Brunei wishes to become a player in the international tourism industry and to increase the demand for Brunei vacation rentals, and like other not-yet-developed destinations, it wishes to avoid the environmental degradation that often accompanies tourism development.
Looking into the not-too-distant future, the government of Brunei sees a day when oil revenues will no longer be sufficient to maintain its residents' current standard of living. Thus, the sultanate has embarked on a policy to develop its tourism industry, marketing itself as a center for trade and as a gateway for tourism into Borneo, which offers unspoiled rain forest that is seemingly ideal for ecotourism.

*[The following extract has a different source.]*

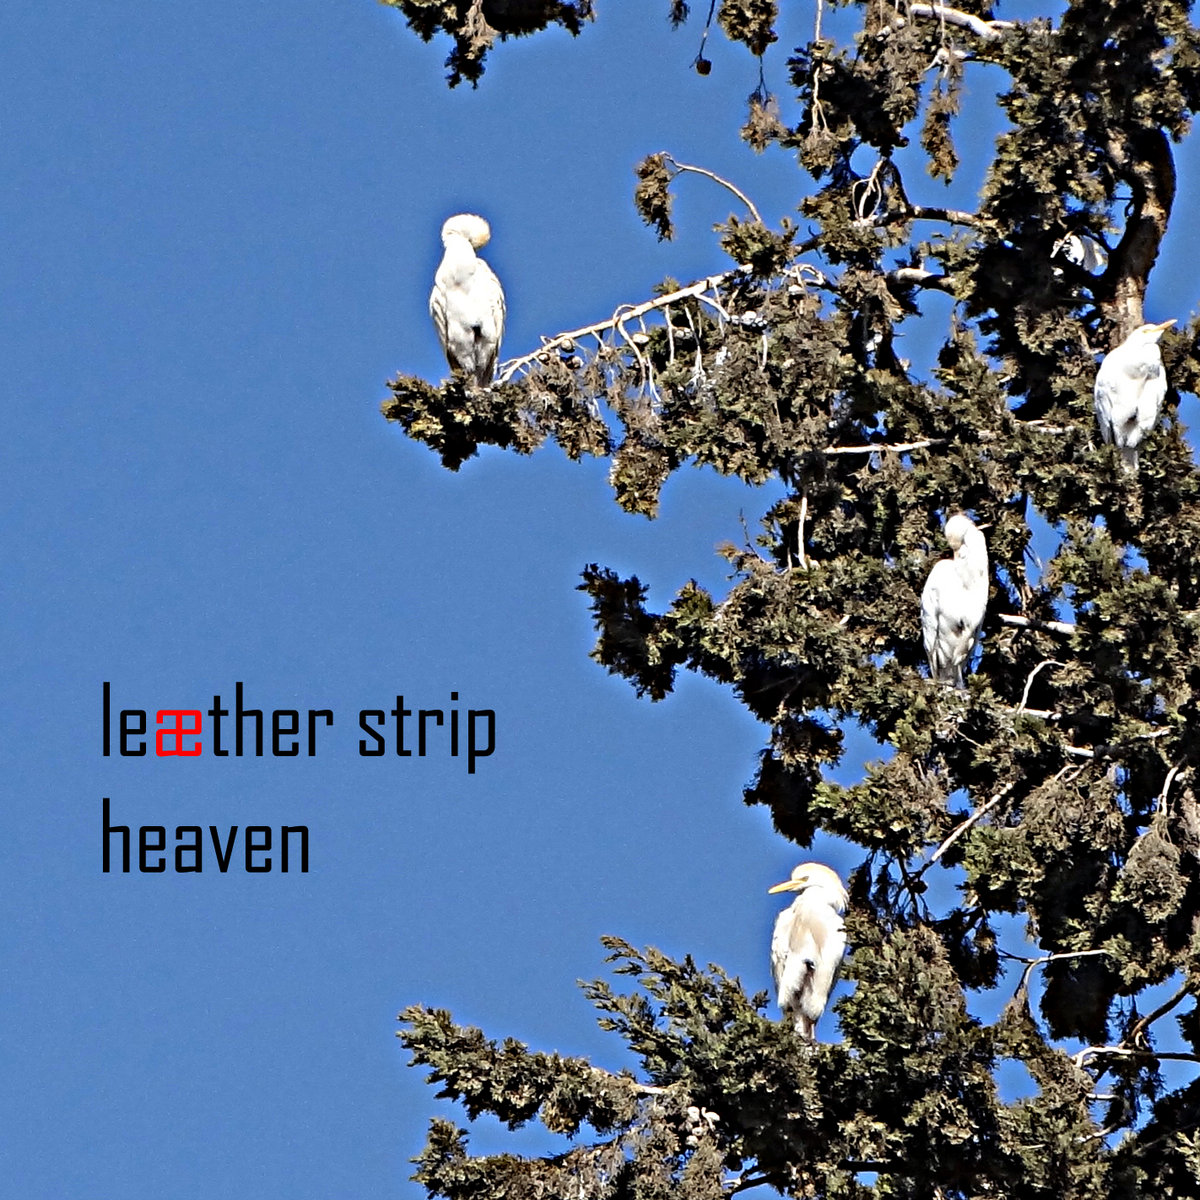 depeche mode heaven download free mp3

Brunei took a step toward the international tourism market in 1997 with a budget designed to address the pressing need to develop its "nation equity" or its perceived quality in terms of products and services, communication messages, and aesthetics.(1) The 1997 initiative also aimed at enhancing the capability of its tourism sector. Although the sultanate has recently upgraded some of its infrastructure and made improved provisions for human-resources development, major obstacles include poor infrastructure, shortage of skilled labor, and underdeveloped service support structures. This article examines Brunei's prospects and suggests a strategic framework for its development.

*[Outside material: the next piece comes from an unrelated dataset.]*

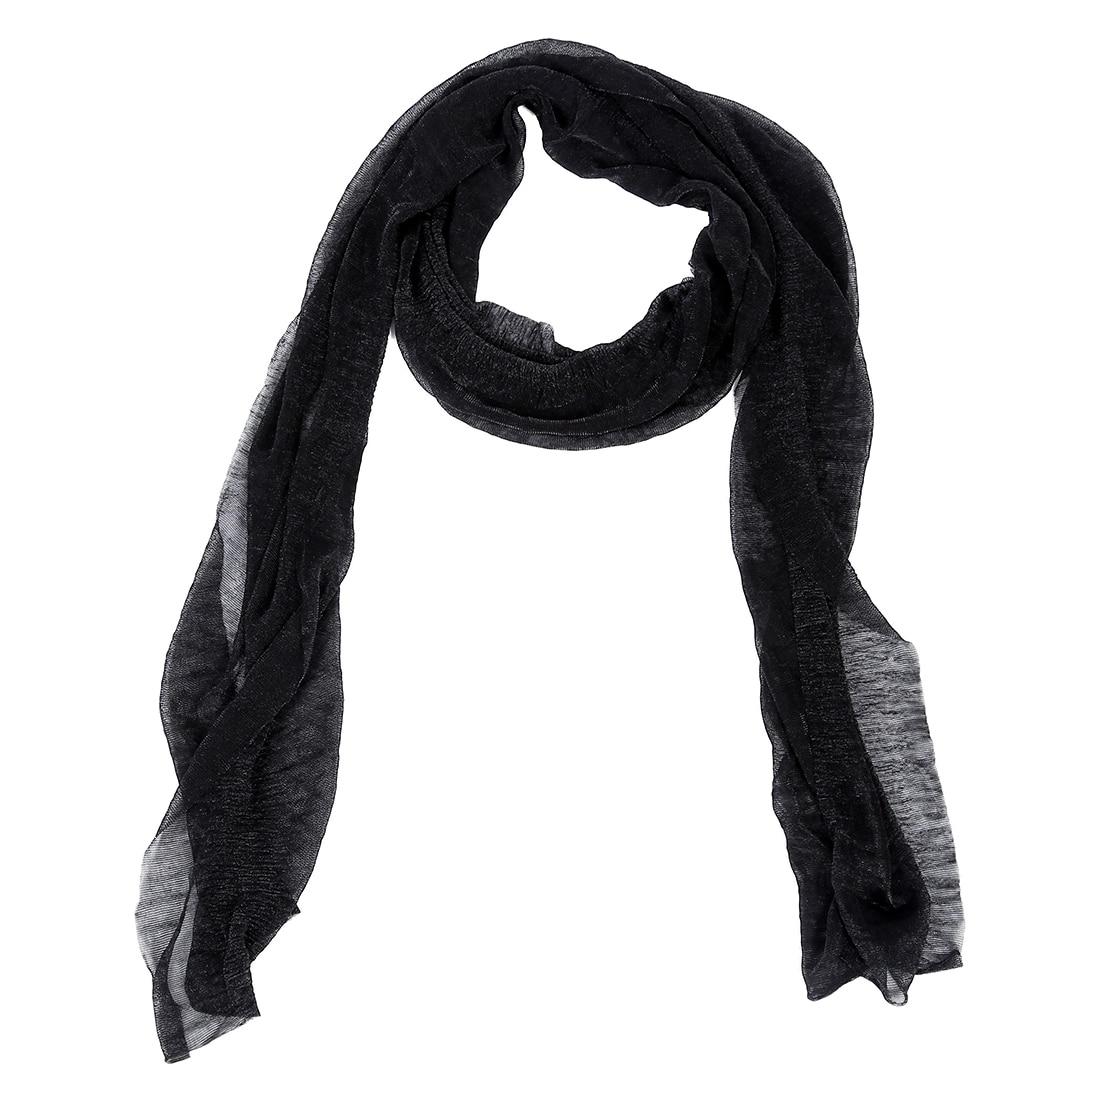 MYTL-Women's Fashion Candy Colour Soft   Scarf     Wrap   Shawl Stole

Brunei is at the beginning of its tourism development and, indeed, has barely started dealing with its marketing effort. Whether tourism brings good or ill depends on how its tourism development is configured, managed, and marketed internationally. At present Brunei aspires to be a destination for small-scale tourism and plans accordingly to concentrate on ecotourism, for which it seems well suited.
Brunei's policymakers believe that the country can benefit most in the long run by being appropriately ambitious in establishing itself as an ecotourism destination. Marketed successfully, such status would bring high returns from visitors--allowing exploitation of the unique biodiversity of tropical rain forests without their destruction. In pushing its ecotourism strategy, however, the government must solve problems of low capacity in both hotel rooms and trained service laborers and partial degradation of landscape and environment. Nevertheless, in the long run, the sultanate should benefit enormously from infrastructure development, industrial diversification, and improvement in transportation and environmental protection.